2. *(a[0]+1)= by de-refrence property it will come like
a[0][1], its value is 2.

3. *(*(a+0)+1), again it will dereference like
1st step--> *(a[0]+1) ,again its same like previous
2nd step--> a[0][1], ans will be 2 for this

Hence finally1006 2 2 will be answer

This is a tricky question. You need to first understand how C compiler actually deals with multi-dimensional arrays. For the above example:

int a[3][4] the compiler first creates an array with 3 pointers. These pointers points to another array that holds 4 ints.

By calling a[0] you are accessing the first array which stores the pointer to the array of 4 int that represents row 0!!!!!

So in simple terms a[i] returns the address of each row not the value.

@rupa

for double dimensional arrays.
a[0] = *a = address of a[0][0].
a[1] = *(a+1) = address of a[1][0].
a[2] = *(a+2) = address of a[2][0] and soon.

So
for *(a[0]+1):
a[0]+1 is the address of a[0][1] and pointer to it i.e., *(a[0]+1) would be the element in the a[0][1]

for *(*(a+0)+1):
*(a+0)is the address of a[0][0] and *(a+0)+1 would be the address for a[0][1] and the pointer to it i.e., *(*(a+0)+1) would be the element in the a[0][1].

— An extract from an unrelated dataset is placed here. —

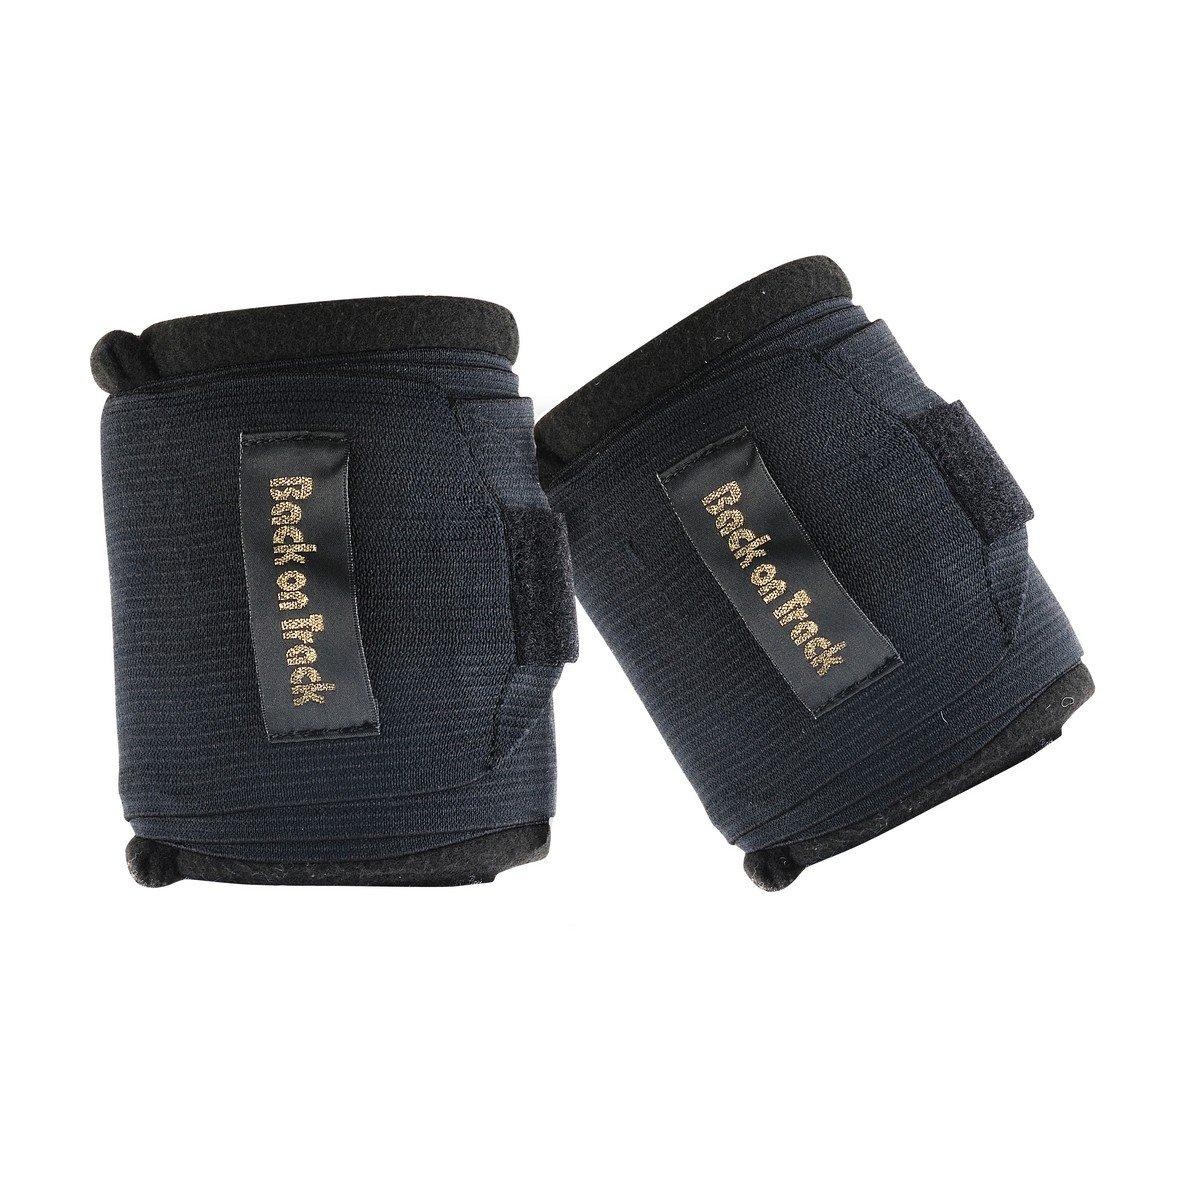 Afbeelding van Back on Track Bandages per Paar Combi Bandage Zwart 3

What would be the output of the following program assuming that the array begins at location 1002 ?

main()
{
int[2][3][4] = {
1,2,3,4,
5,6,7,8,
9,1,1,2
},
{
2,1,4,7,
6,7,8,9,
0,0,0,0
}
};
printf("\n%u%u%u%d",a,*a,**a,***a);
}

A multidimensional array is of form, a[i][j]. Let's see how we can make a pointer point to such an array. As we know now, the name of the array gives its base address. In a[i][j], a will give the base address of this array, even a+0+0 will also give the base address, that is the address of a[0][0] element.

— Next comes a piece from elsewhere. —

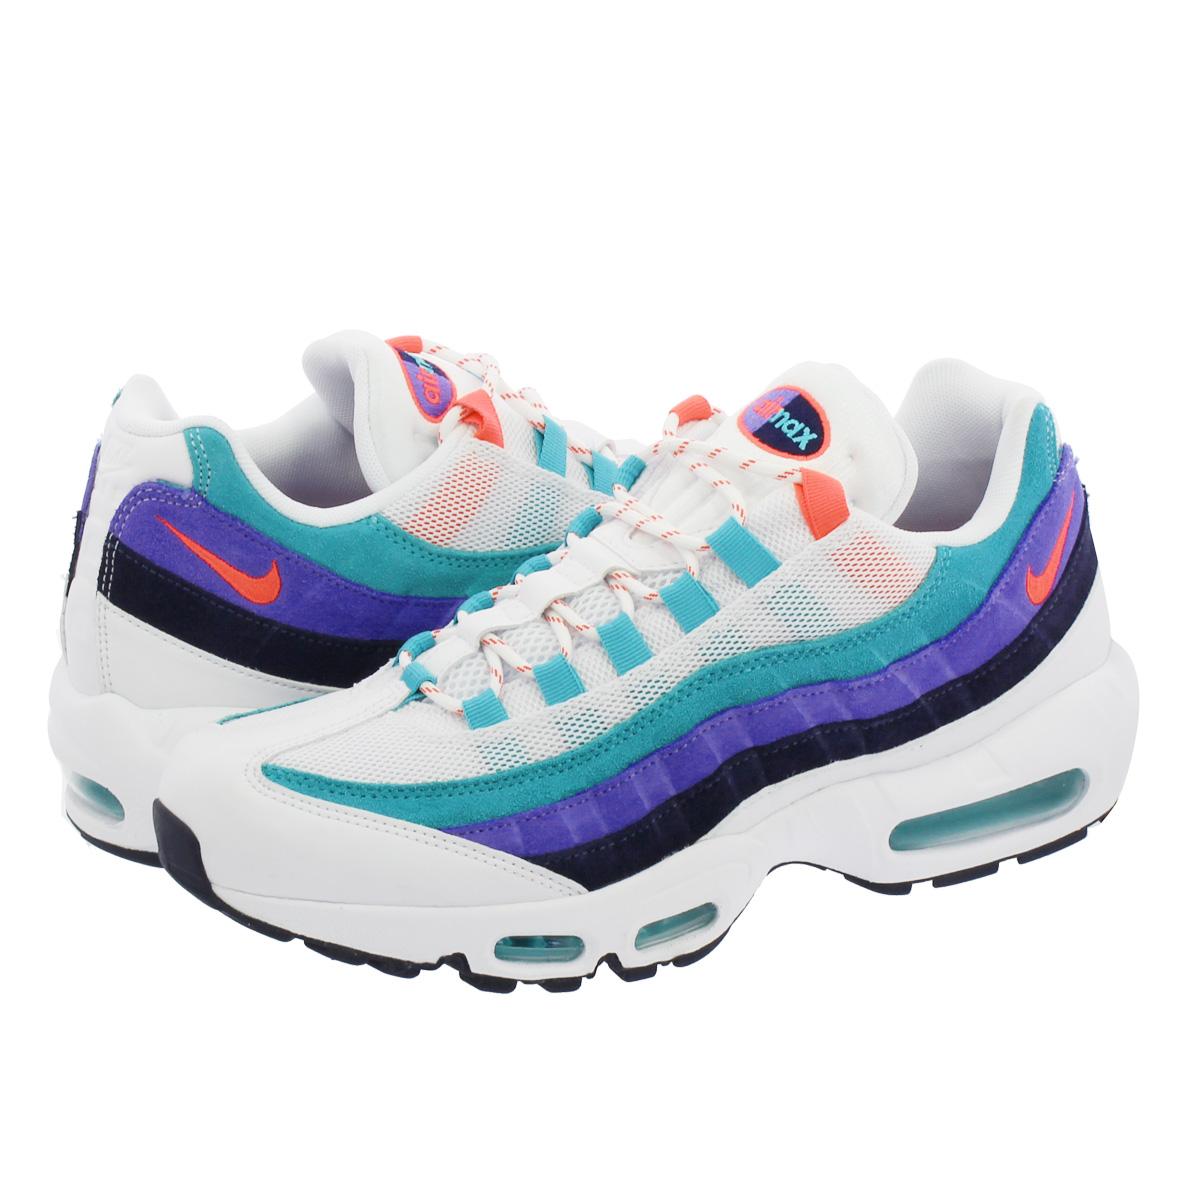 cheap for discount f8b64 a4ec1 Nike Air Max 95 Essential Ultramarine White Black Solar Red 749766 106 DW  Clothing, Shoes   Accessories Football

Here is the generalized form for using a pointer with multidimensional arrays.

*(*(ptr + i) + j)
is same as

a[i][j]

it is a two dimensional array consists of 3 rows and 4 columns so its like:

1 2 3 4
5 6 7 8
9 10 11 12

But memory is allocated like the two dimensional array is also a general array consists of 4 elements.so if refer a[0]=4, a[1]=5, a[2]=9, a[0]+1=2 like that and we know that memory allocated for array is consecutive blocks.so array starts at 1002 next element is at 1006.